The format is based on Keep a Changelog, and this project adheres to Semantic Versioning.
3.4.0 - 2024-01-30
3.3.0 - 2023-04-05
3.2.4 - 2022-10-18
- s3_date_prefix_scan won't error when a path is not found
3.2.3 - 2022-10-10
- Do not delete files, just overwrite the delta tbale with mode overwrite in delta_write block
3.2.2 - 2022-10-06
Bugfix: Add new exception for delta table read errors
3.2.1 - 2022-10-06
- Add new exception for delta table read errors
3.2.0 - 2022-10-06
- Delta core and delta storage 2.1
- Use bool param mergeSchema for all delta writes
3.1.0 - 2022-10-04
- Test with latest 2 pyspark versions only
3.0.0 - 2022-08-22
- Breaking change: HiveTable.DatabaseName and HiveTable.TableName is mandatory
- Add: Support for Databricks Unity Catalog
- Change: file registry date scan now use SQL LIST for UC
2.8.1 - 2021-12-17
- Add possibility to define JSON schema with JSON or PySpark code when reading XML files
2.8.0 - 2021-12-13
- Add possibility to define JSON schema with JSON or PySpark code when reading JSON files
2.7.3 - 2021-11-18
- Add support to read the Delta change data feed when running on Databricks platform
2.7.2 - 2021-11-11
- Add mergeSchema option to delta write block
2.7.1 - 2021-09-30
- Set default logging formatter to detailed
- Fixed code smells in upsert.py
2.7.0 - 2021-08-30
- Support for pyspark 3.1
2.6.0 - 2021-08-17
- Support for retry in postgresql and mysql upsert
2.5.1 - 2021-06-28
- Add logging of lift parametes and it values before starting lift
2.5.0 - 2021-06-17
- Add secret word filter for logging
- Use f-string for logging statements
- Update how to run test instructions
- Make mysql library non extra
2.4.0 - 2021-05-18
- custom::sql block for executing SQL statements
- Some codesmells according to SonarCloud
2.3.0 - 2021-03-29
- get_json_object transform function
2.2.0 - 2021-03-26
- MySQL upsert support
- Test against postgres versions 10, 11, 12 and 13
2.1.0 - 2021-03-23
- split transform function
- get_item transform function
2.0.0 - 2021-02-24
- Support for pyspark 2.4.5
1.11.0 - 2021-02-24
- Add substring transform function
1.10.1 - 2021-01-25
- The
fileregistry::delta_diff
fileregistry will read all data if the default start date is before the first version of the delta table
1.10.0 - 2021-01-22
- The
fileregistry::delta_diff
fileregistry for delta files
1.9.2 - 2020-12-16
- Parameters resolving will happen in sub strings as well like "${myVar}/extra"
1.9.1 - 2020-12-08
- Add support for nested columns in drop_duplicates transform function
1.9.0 - 2020-12-02
- Multiple outputs in custom::python_codeblock
1.8.0 - 2020-11-11
- Add drop_duplicates transform function
1.7.1 - 2020-11-10
Allow a retention interval shorter than 7 days for delta tables
1.7.0 - 2020-10-30
- Write json files through write::batch_json block
- Update dependency versions
1.6.3 - 2020-10-29
- Bugfix: When creating empty arrays they looked like array.
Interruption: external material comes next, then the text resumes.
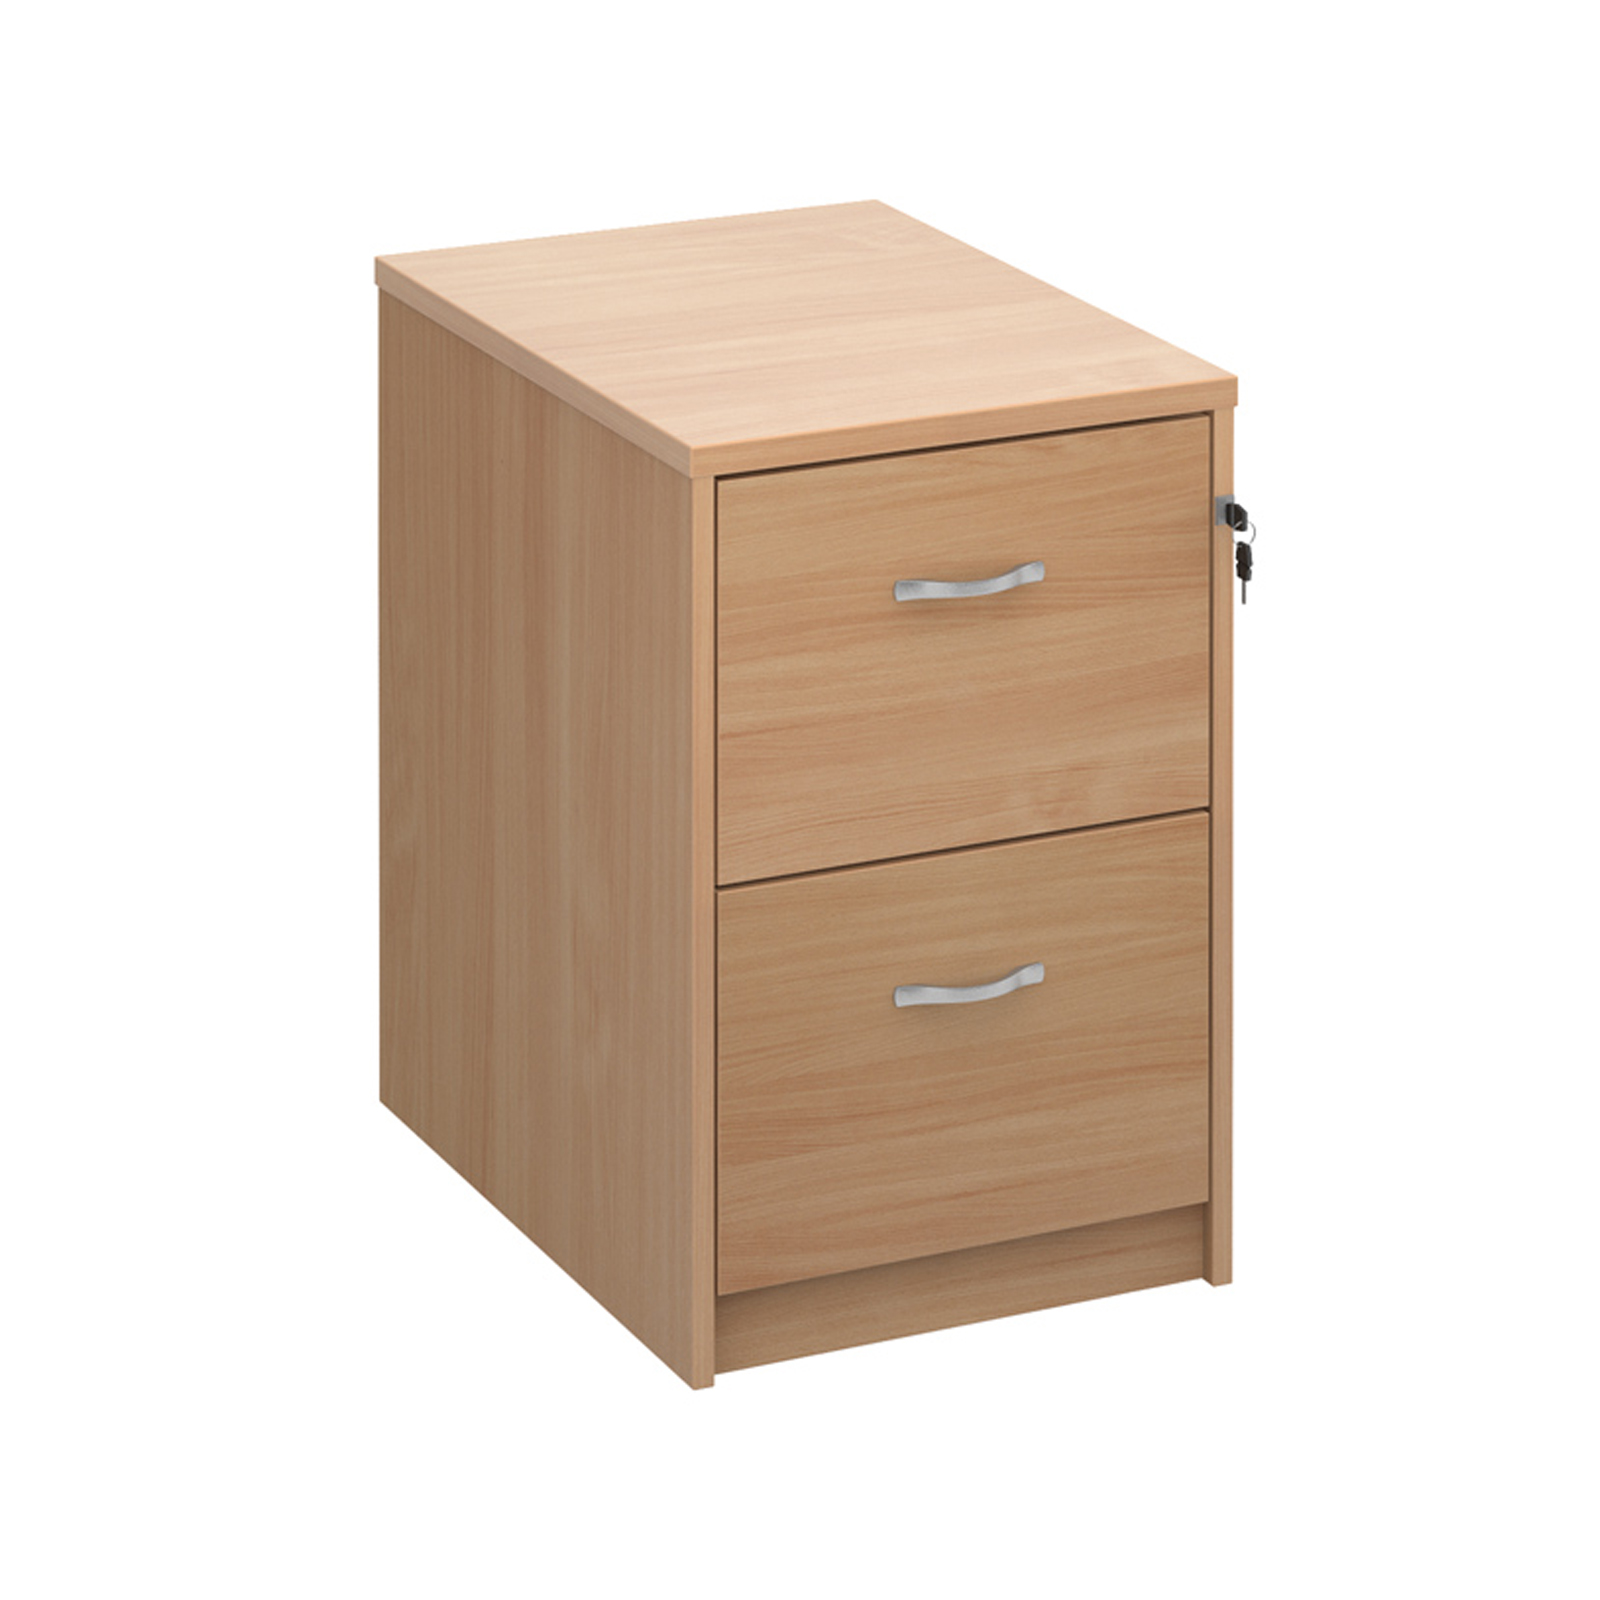 Filing Cabinets Wooden filing cabinet with silver handles

That is not supported by spark 3 so instead we create empty array
1.6.2 - 2020-10-29
- Bugfix for loading empty directories with batch_delta using spark 3.0
1.6.1 - 2020-10-27
- Bugfix the Databricks optimize of file-registry after updating
1.6.0 - 2020-10-27
- Changed python version requirements to include python 3.9
- Add Databricks optimize and vacuum of file-registry after updating
1.5.0 - 2020-10-23
- Options parameter in load::batch_json to be able to submit more settings when loading json files (like multiLine: true)
1.4.3 - 2020-10-21
- Use of psycopg2.extras.execute_values to remove and simplify code
- Utils functions chunked and flatten_rows_dict in getl/common/upsert.py
- When checking if a file registry exists in an empty directory or in a S3 prefix that doesn't exist, a different exception is raised
1.4.2 - 2020-09-30
- Critical bugfix for Hive table creation.
1.4.1 - 2020-09-30
- Support for PartitionBy columns for HiveTable
1.4.0 - 2020-09-29
- Support for PartitionBy columns in write::batch_delta
1.3.0 - 2020-09-28
- Support for loading csv files with batch_csv
1.2.0 - 2020-09-09
- Explode functionality is added to the generic transform block
1.1.0 - 2020-09-03
- Postgres upsert support
- Schema for batch_json and batch_xml is now optional
1.0.1 - 2020-08-24
- Support for s3a:// paths
- python -m bin bumpversion changes the CHANGELOG.md for a release changelog
- Documentation on how to release a new version
- Links to versions in CHANGELOG.md
- Fix the fileregistry type in docs/migrations/s3_date_prefix_scan.md to fileregistry::s3_date_prefix_scan
1.0.0 - 2020-08-19
- s3_date_prefix_scan fileregistry, based upon prefix_based_date, see migration.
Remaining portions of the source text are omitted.